As decades turned, the link became a map of humanity’s small, resilient inventions. It recorded how people comforted each other—how a father learned to braid his daughter’s hair with the rhythm of her heartbeat, how a nurse taught children to name their pain, how an old man learned to whistle again after the city grew too loud. The Masalaseencom archive—part digital, part paper chest—was not authoritative. It never claimed universality. It only promised experiment: try this, and if it does not suit you, change the spice.

Not everyone believed in recipes for the heart. A young software engineer named Naeem logged in to investigate. He wanted to know what algorithm could be behind such precise emotional advice. He expected code, heuristics, perhaps marketing experiments. Instead, the page showed a single line of text, shifting like a ribbon: “We collect recipes from those who remember.” Below it, a submission box invited users to contribute. Naeem typed a sceptical answer—debug the soul—and hit submit, more as a joke than a belief.

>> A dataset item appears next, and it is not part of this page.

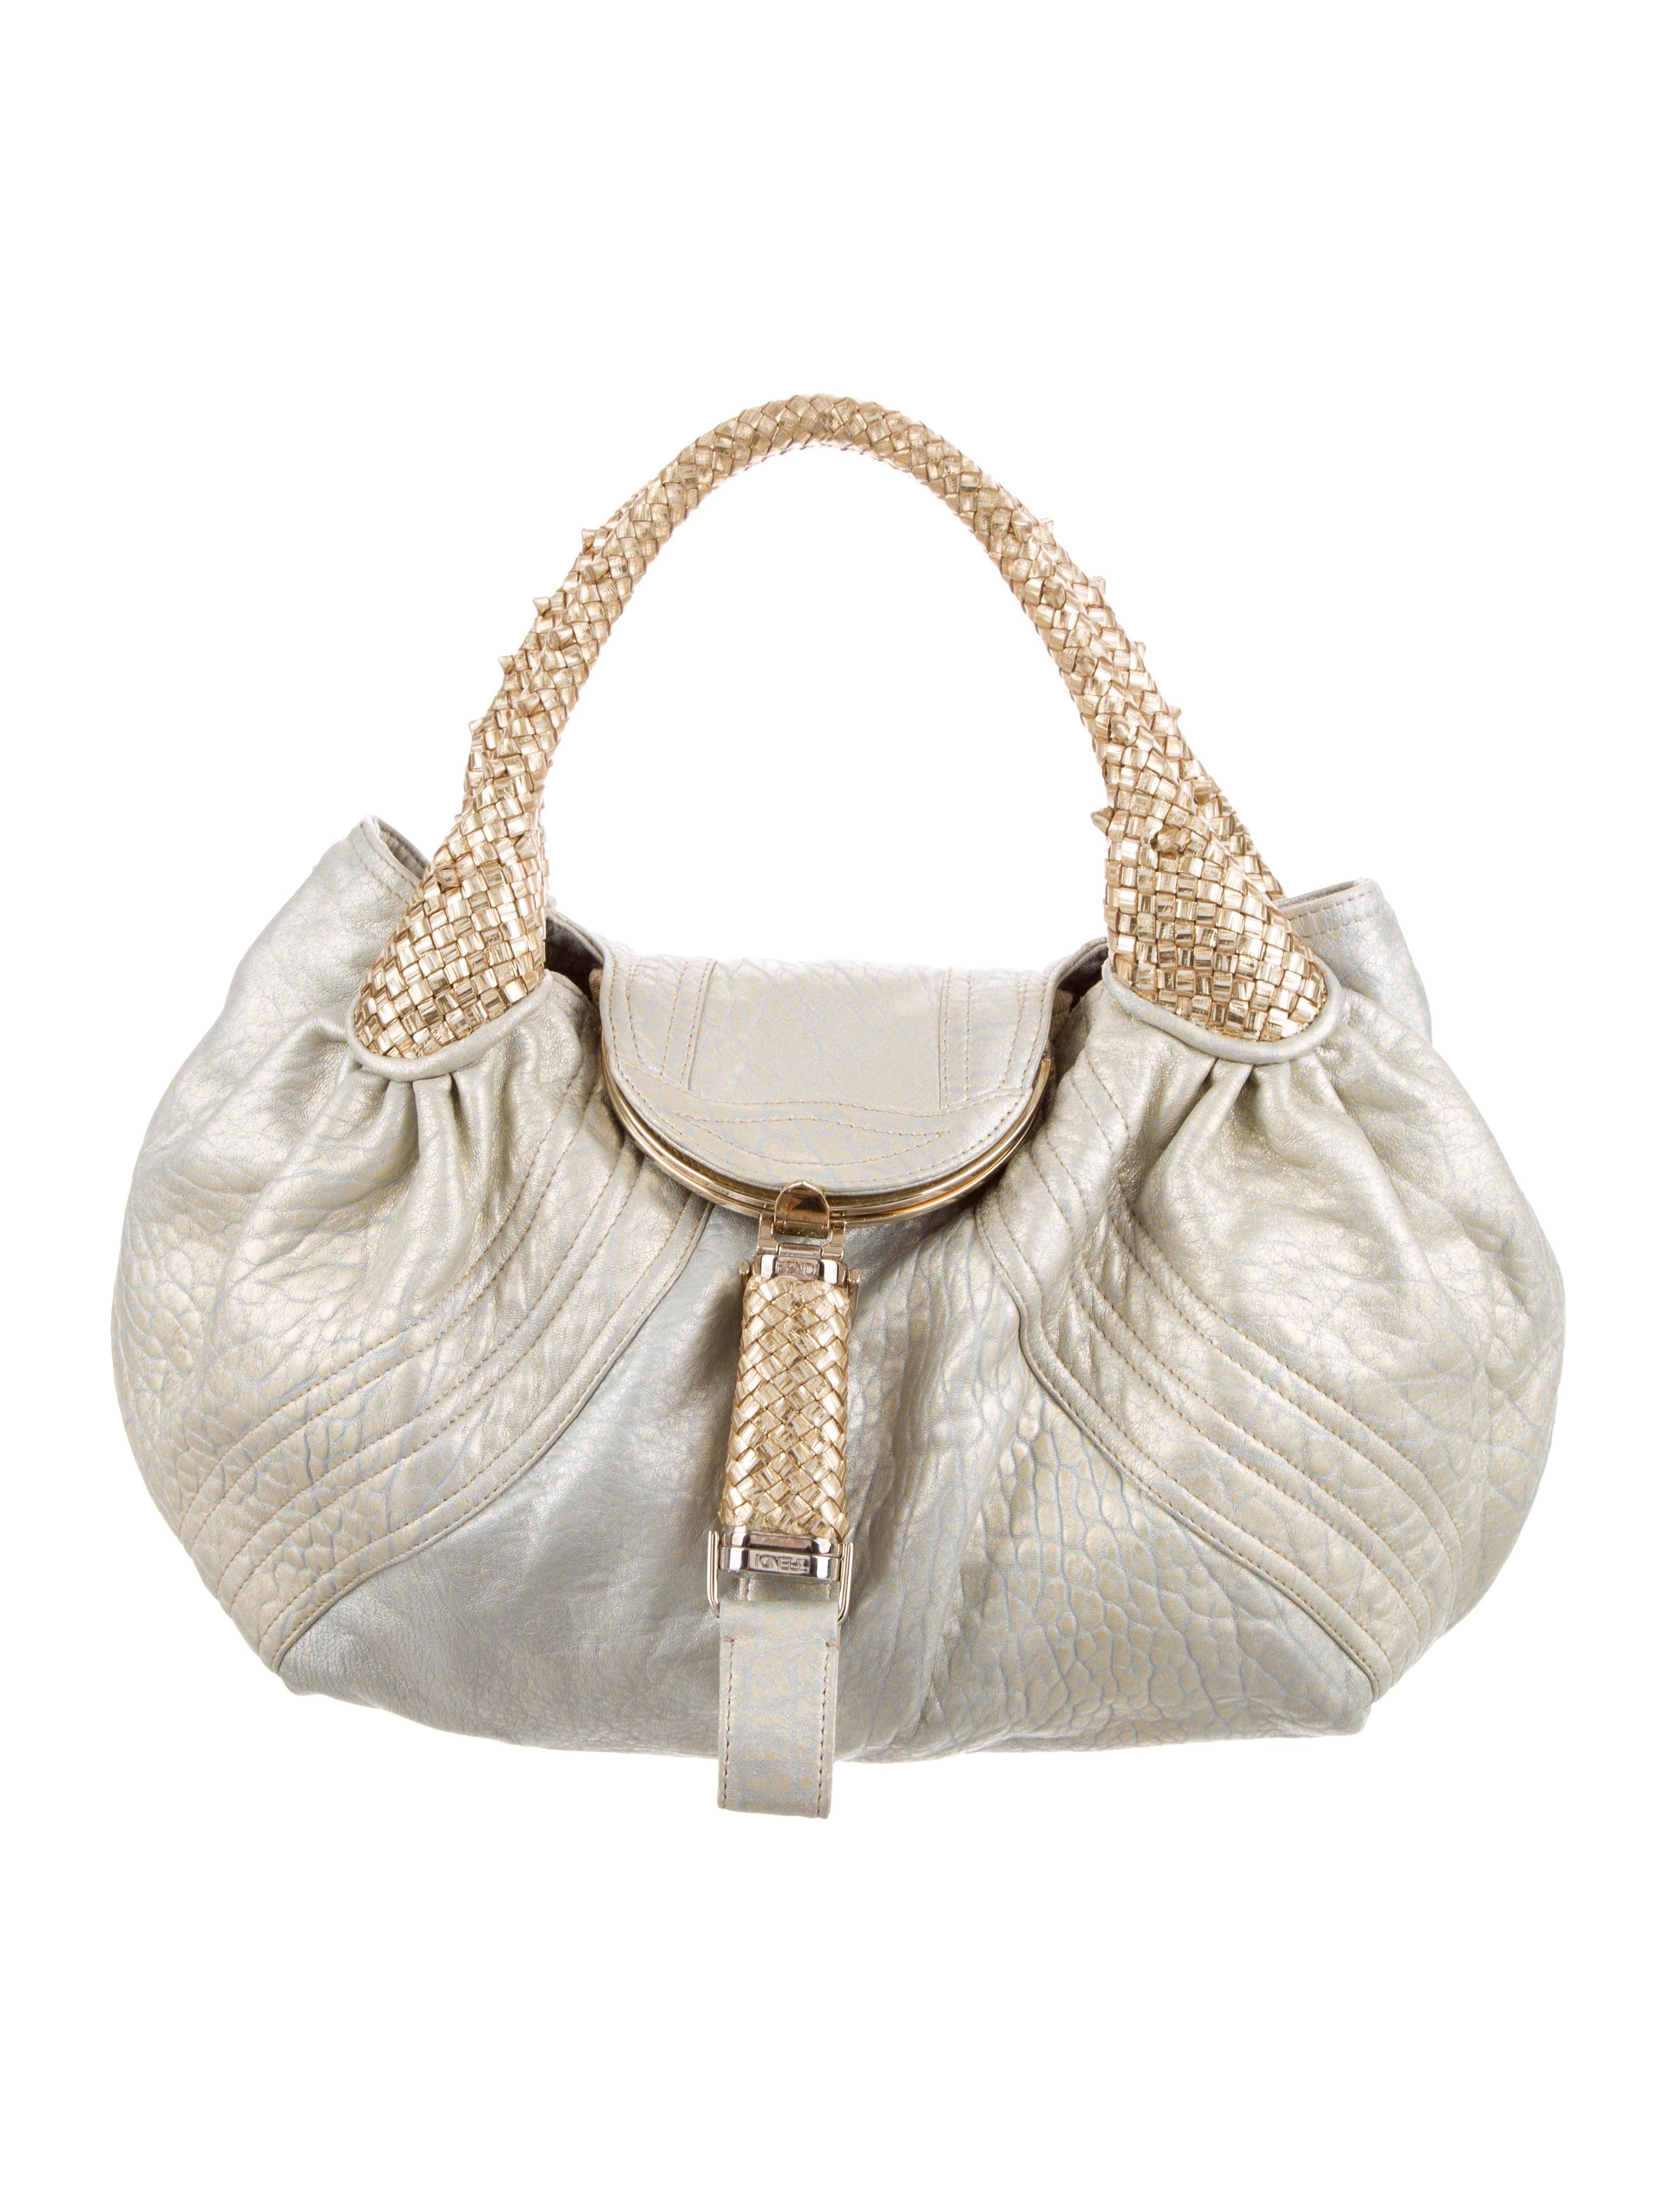 bfe8960af0e1 Fendi Metallic Spy Bag - Handbags - FEN93649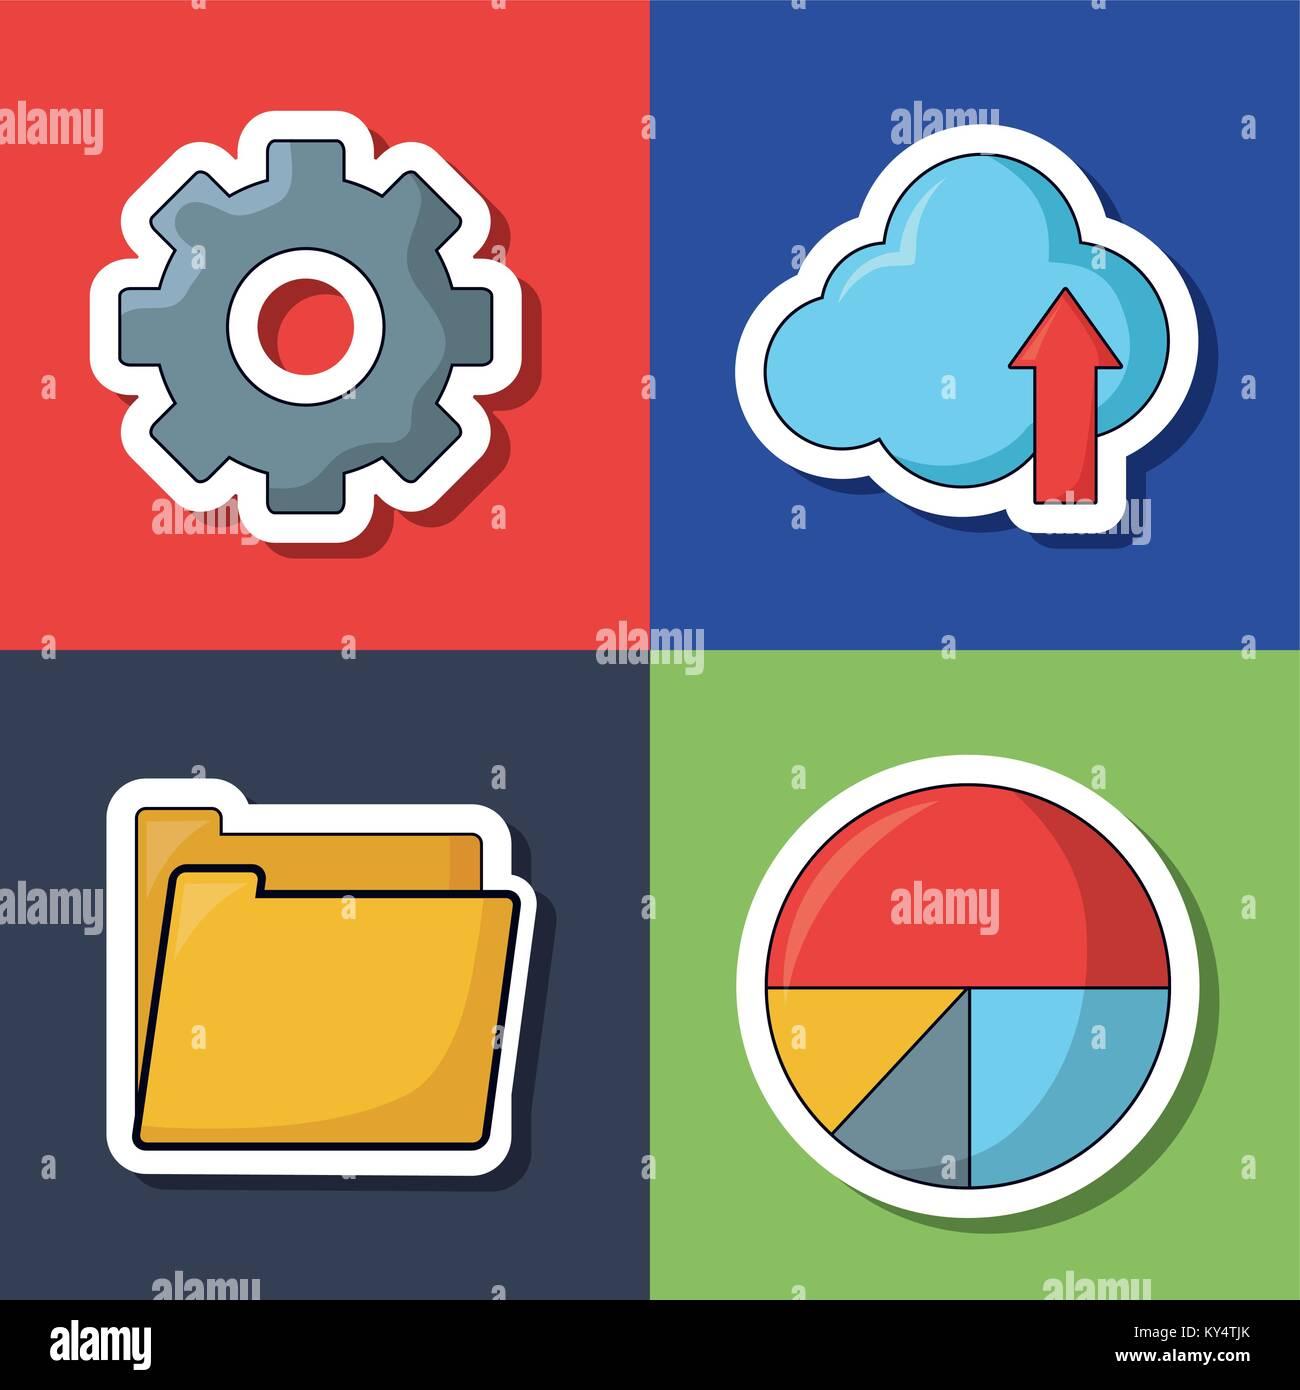 seo search engine optimisation and marketing icon  - Stock Image

And when they clicked the Masalaseencom link, the screen opened not to promises but to a list of small, practical things: teach a neighbor to tie a knot, cook a meal with someone you’ve grieved, hum a sea song into your ropes. Each recipe carried a scent—cardamom, mint, lemon peel—that seemed almost to drift from the speakers. The link did its quiet work, inviting people to invent, to share, to fail, and to try again, because in the end, the most important networks were not those of copper and light but those of memory, attention, and care.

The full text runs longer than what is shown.